City students learn environmental values during career tour at Tech

Kali Katerberg/Daily Mining Gazette Students from Detroit and southeast Michigan head out on the Agassiz, part of a week exploring natural resources and engineering careers and majors.

HOUGHTON — A group of 13 high school students from Detroit and southeast Michigan spent last week getting a firsthand look at the Copper Country and environmental and engineering programs at Michigan Tech.

“The natural resource career path is the least diverse, so it’s important how you get students from largely urban environments to be interested,” said Joan Chadde, the director of the Center for Science and Environmental Outreach at the Great Lakes Research Center.

The week’s activities included presentations from local experts and faculty on topics like wastewater treatment, forestry and invasive species, as well as outdoor sports like hiking and kayaking.

She hopes the students will give new consideration to engineering and natural resources careers with the broad overview and the contagious passion of researchers.

Student often come to the program with ideas of careers they are interested in, and many of them aren’t focused on natural resources or ecology, said Lisa Perez from the US Forest Service Urban Connections. However, they typically walk away from the program with new ideas and shifted focus.

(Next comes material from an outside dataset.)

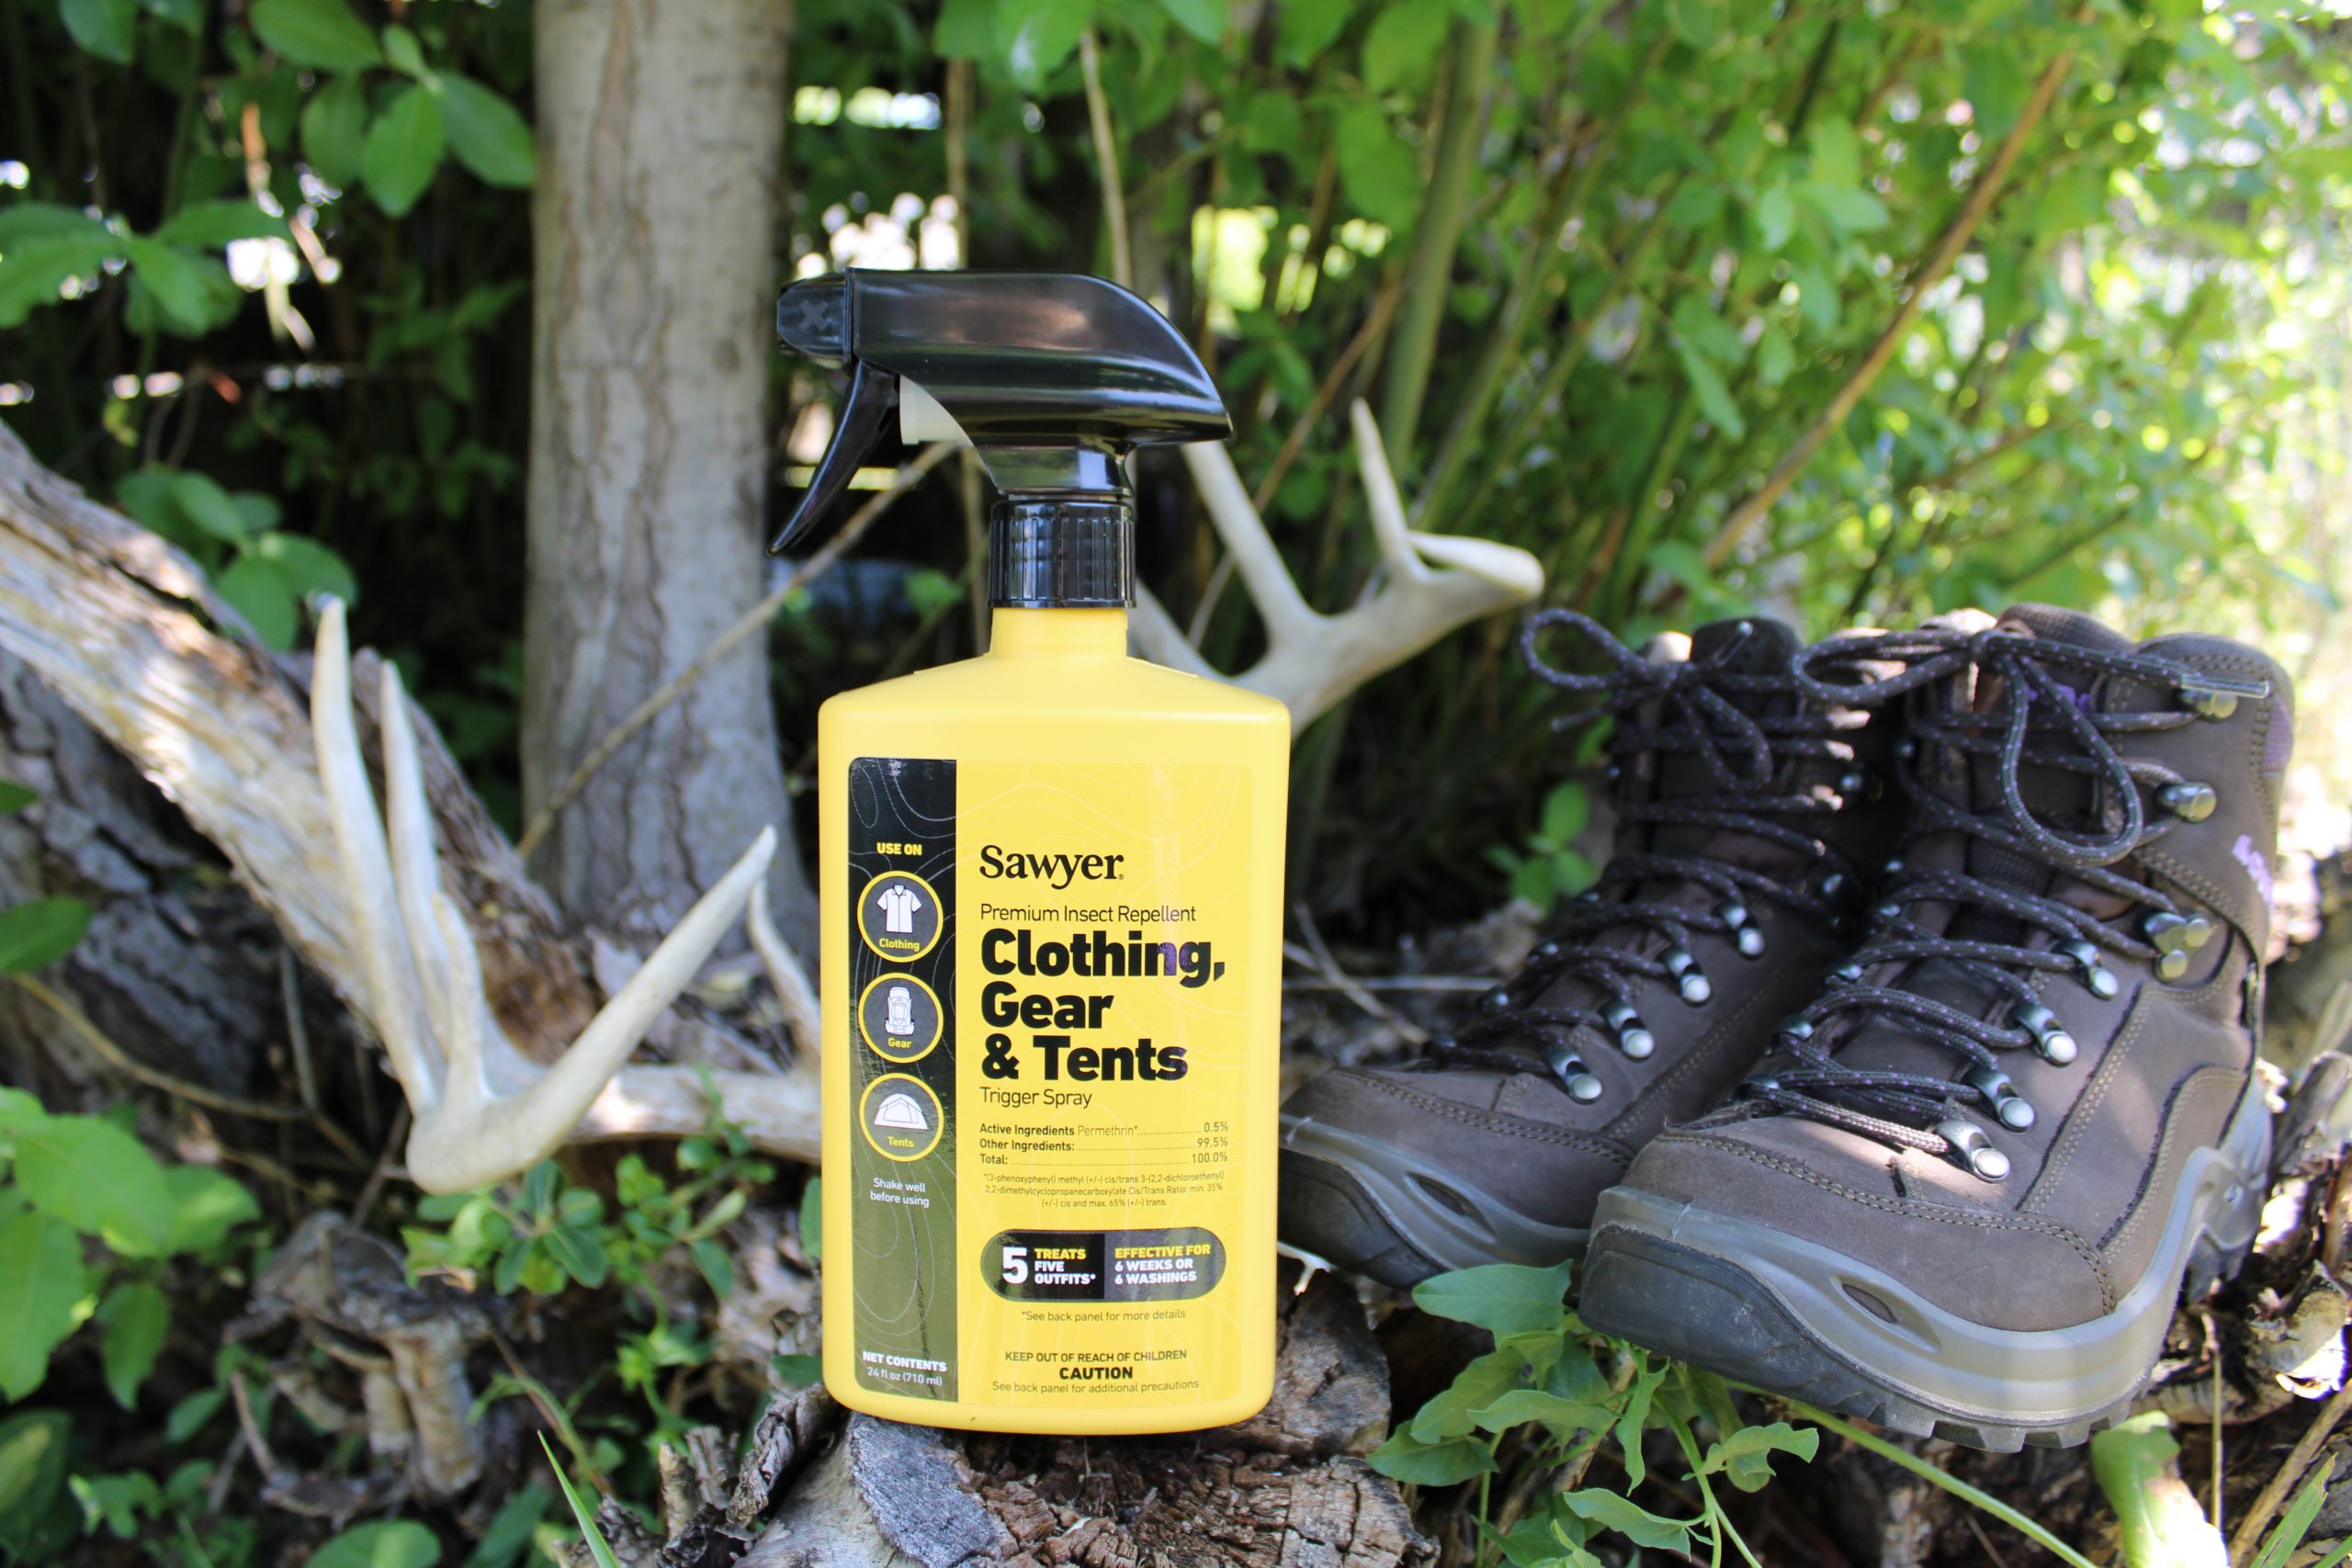 Sawyer permethrin spray bottle sits beside hiking boots treated with the spray

Perez and Mike Reed of the Detroit Zoological Society have worked with the students since the program began four years ago.

“It opened their eyes, maybe not to a totally different career path, but it opened their eyes to the fact that they are responsible for the future of the environment,” said Reed.

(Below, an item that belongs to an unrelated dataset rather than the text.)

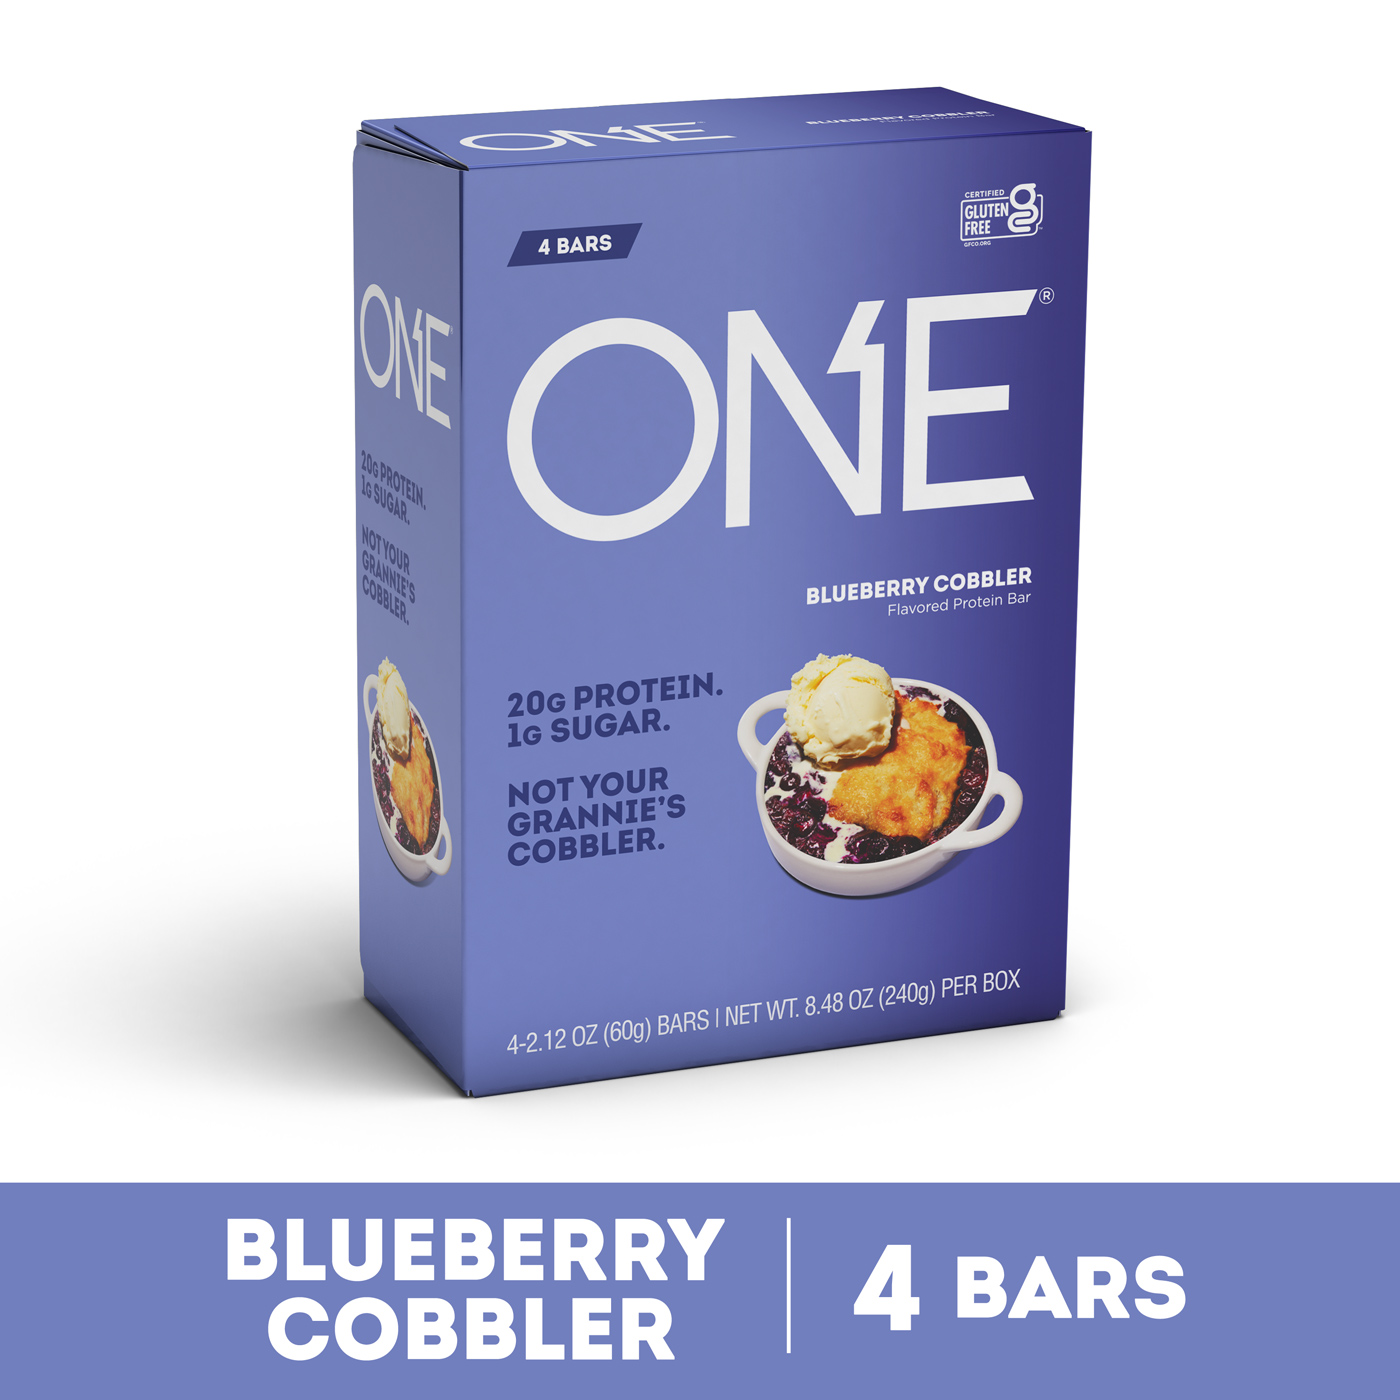 One Blueberry Cobbler Protein Bar, 20g Protein, 2.12 oz., 4 Count - image 1 of 7

One of the students, Mikayla Manthiram, came to the program already intending to study environmental engineering but felt she learned more about the job and Tech as a potential school.

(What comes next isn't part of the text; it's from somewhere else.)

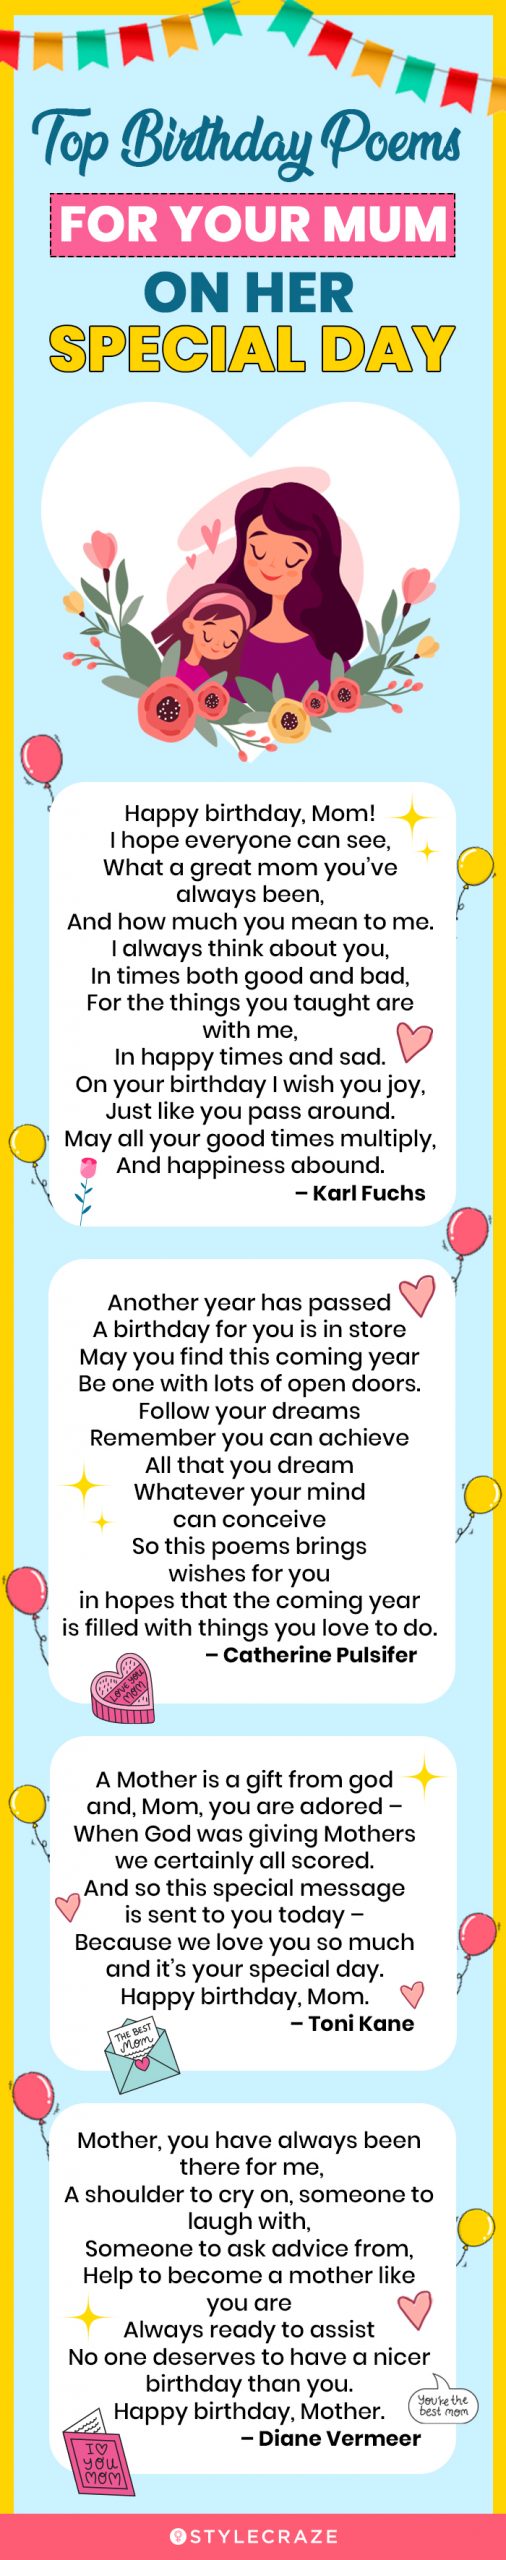 top birthday poems for your mum on her special day (infographic)

“I realized there’s a lot more substance that I can study, like soil or rock or something, and they’re all equally interesting so it’s expanded my horizons,” she said.

Another student, Marianne Delosreyes, was able to experience hiking and mountain biking for the first time and is now considering an environmental science minor.

“It’s really fun, actually,” she said. “I really enjoyed it.”

“I was really only exposed to the medical field when it comes to in-depth careers, so I wanted to see what else was out there,” Delosreyes said.

Both students highly recommended the program for other students.

“Even if you’re not interested in environmental engineering you should at least come to learn about the environment and what’s going on,” Manthiram said.

When the program started four years ago, Chadde was looking to bring students from cities like Detroit who might not have had exposure to careers in natural resources or environmental engineering.

“She asked me, ‘How can we get students from Detroit up to Michigan Tech?’ I said, ‘First of all you have to ask. You have to ask the right people, and you have to make sure when they come they feel comfortable,'” Reed said.

Part of that is guidance for the students, some of whom are potential first-generation college students. The other part is making parents comfortable.

“Having people that are sort of bridging that gap, it not only works for the kids, it works really well for their parents. I think that’s what’s helping get kids to start coming up here,” he said.